Les appels des déterminations faites en vertu de la Loi de l'impôt sur le revenu à l'égard des années d'imposition 2000 et 2001 sont accueillis et les déterminations sont déférées au ministre du Revenu national pour nouvel examen et nouvelles cotisations, conformément aux motifs du jugement ci-joints.

Signé à Edmundston, Nouveau Brunswick, ce 5e jour de janvier 2004.

« François Angers »

Juge Angers


Référence : 2004CCI5

Date : 20040105

Dossier : 2003-2825(IT)I

ENTRE :

GÉRARD BELLAVANCE

appelant,

et

SA MAJESTÉ LA REINE,

intimée.

MOTIFS DU JUGEMENT

Le juge François Angers

[1]      Il s'agit d'appels de déterminations faites par le ministre du Revenu national (ministre). Le ministre a déterminé que l'appelant avait reçu au titre du crédit pour la taxe sur les produits et services (CTPS) un paiement en trop de 262,30 $ pour l'année d'imposition 2000 et de 162,50 $ pour l'année d'imposition 2001, puisqu'il a cessé d'être conjoint à partir du mois de décembre 2002. Le ministre a donc calculé les versements pour refléter cette situation.
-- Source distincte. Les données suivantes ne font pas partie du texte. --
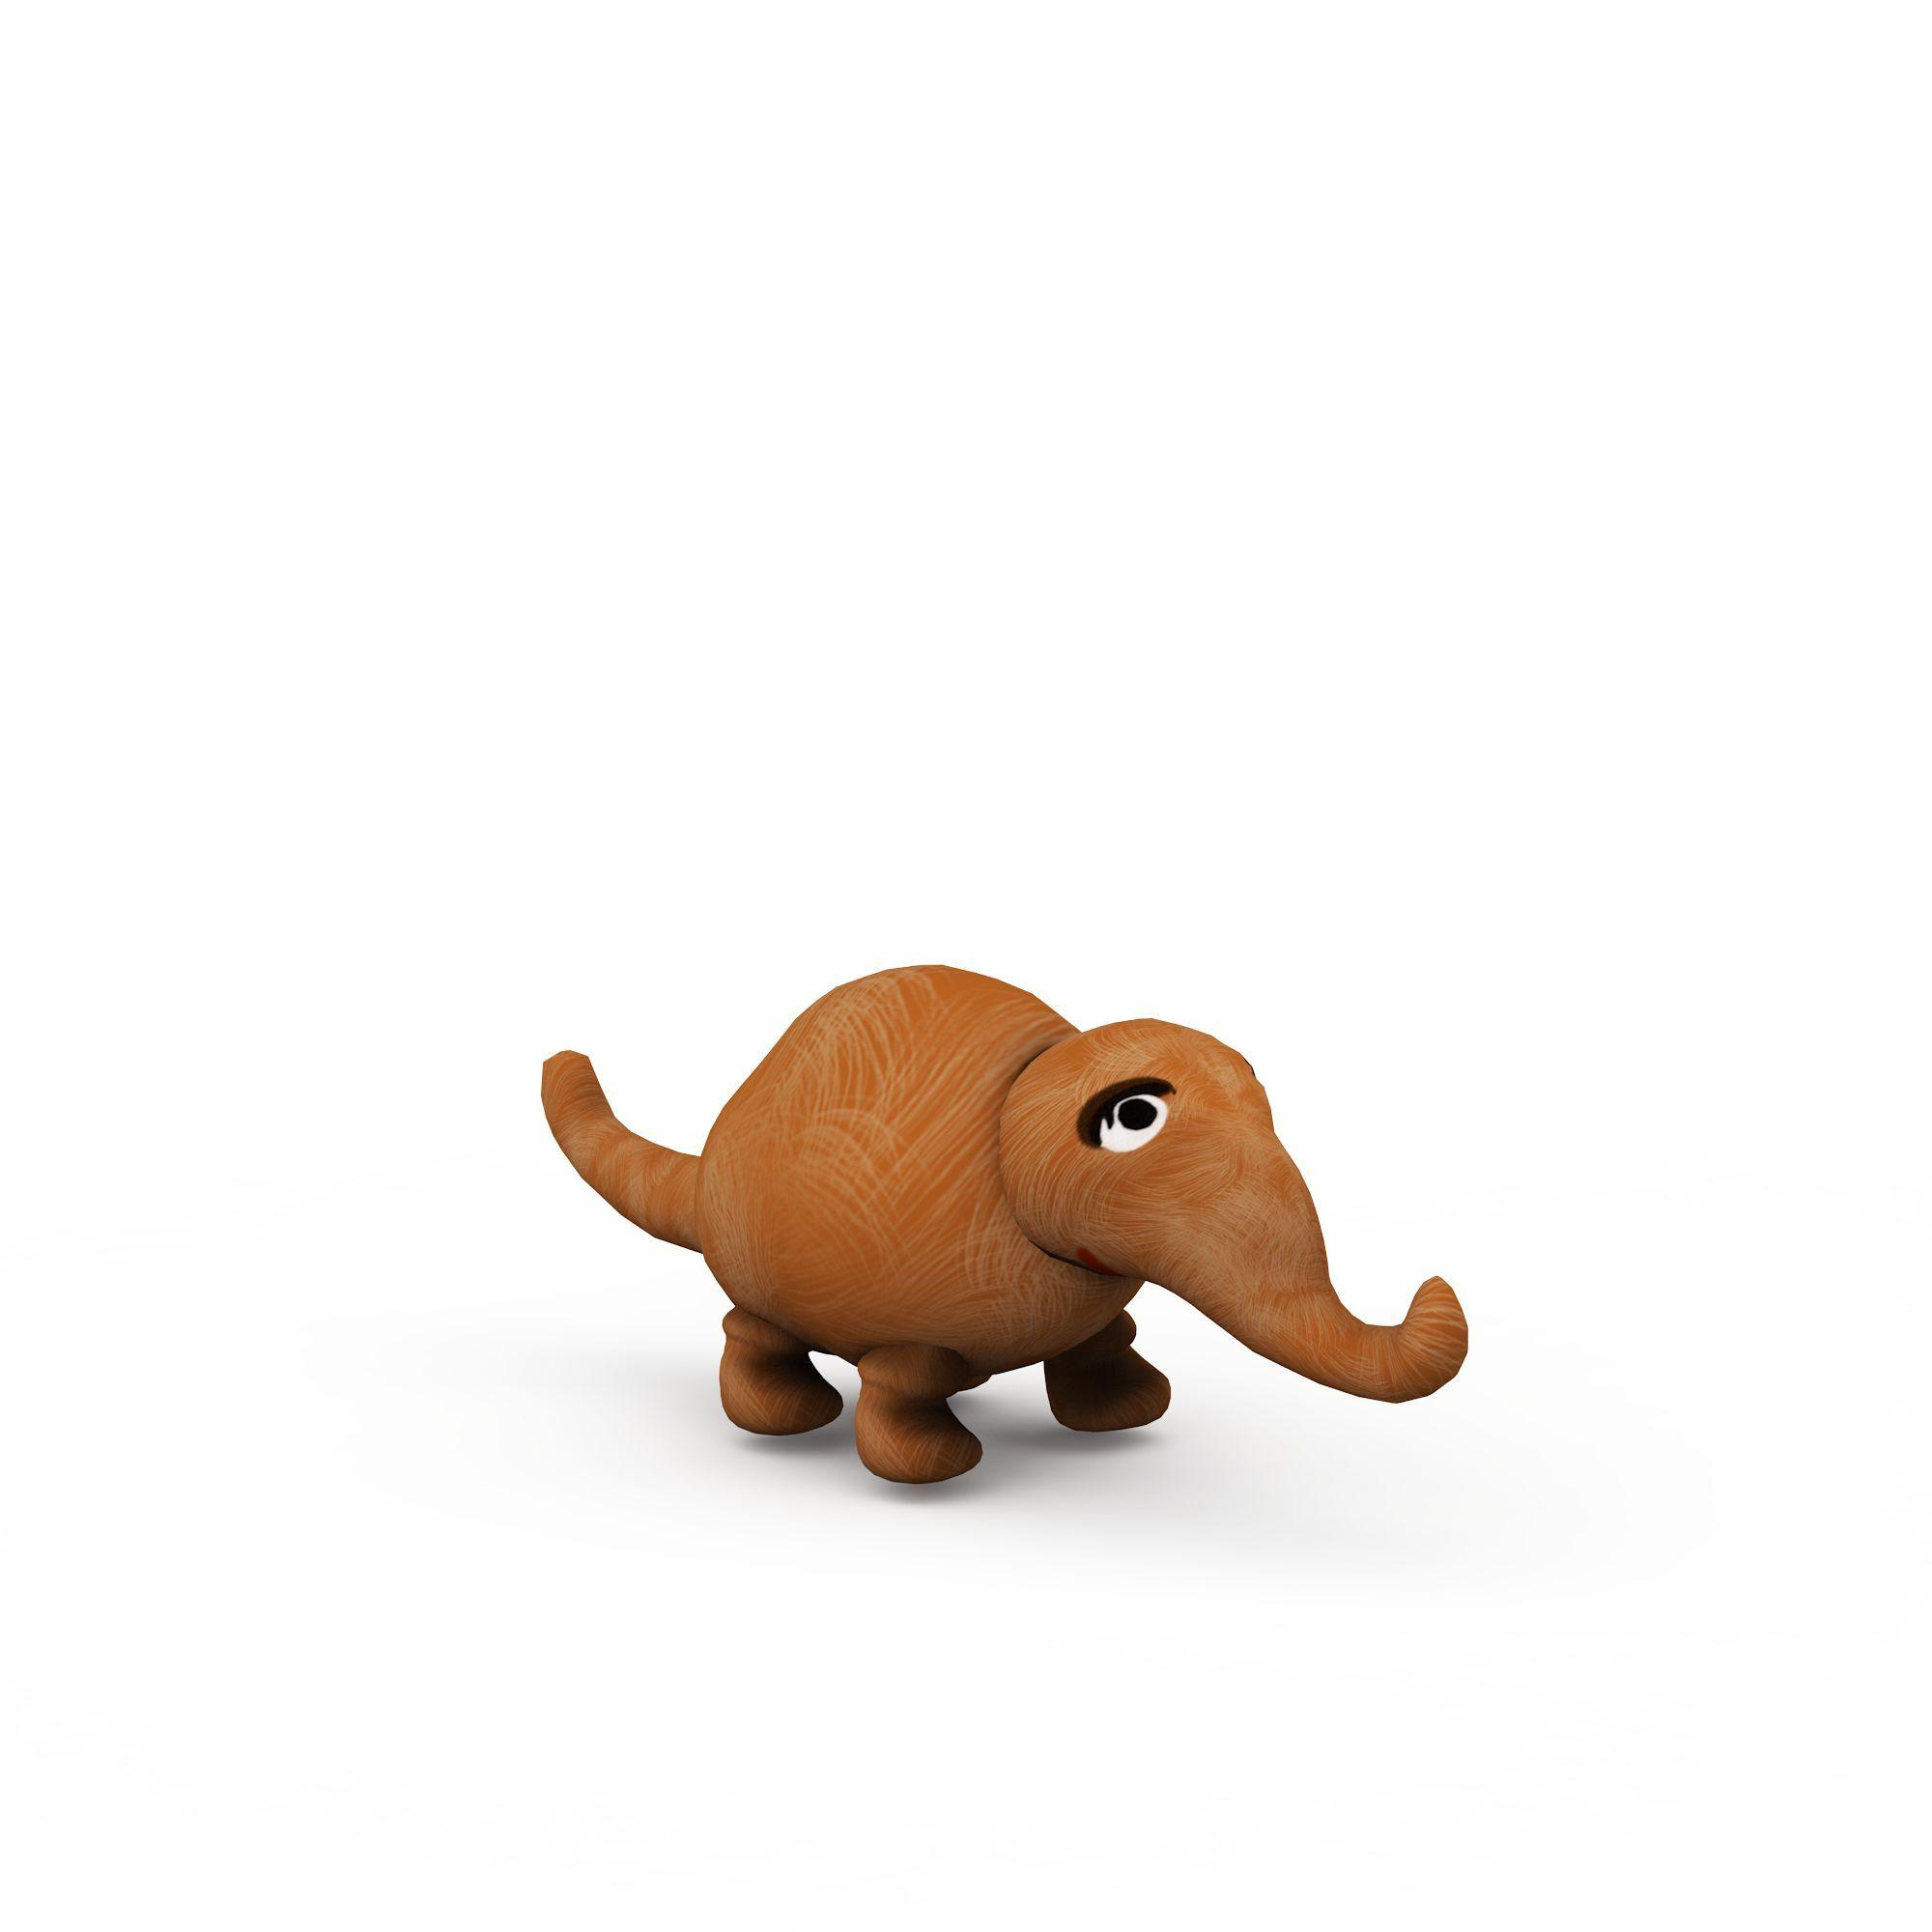 大象玩具png高清图片下载

[2]      Il s'agit donc de déterminer si, pendant la période du 31 décembre 2000 au 30 novembre 2002, l'appelant et madame Lucille Gendron étaient effectivement des conjoints au sens de la Loi de l'impôt sur le revenu (la « Loi » ).

[3]      L'appelant s'est vu accorder pour les années de base 2000 et 2001 des montants au titre du CTPS. Une vérification du dossier a toutefois abouti, le 24 janvier 2003, à un nouvel avis de détermination pour les deux années de base. Ce rajustement a fait en sorte que l'appelant devait rembourser les crédits accordés pour les deux années en cause. Un nouvel avis de détermination en date du 25 juillet 2003 lui accordait les paiements de CTPS de janvier et avril 2003 attribuables à l'année de base 2001, réduisant ainsi le remboursement qu'il avait à faire pour 2001.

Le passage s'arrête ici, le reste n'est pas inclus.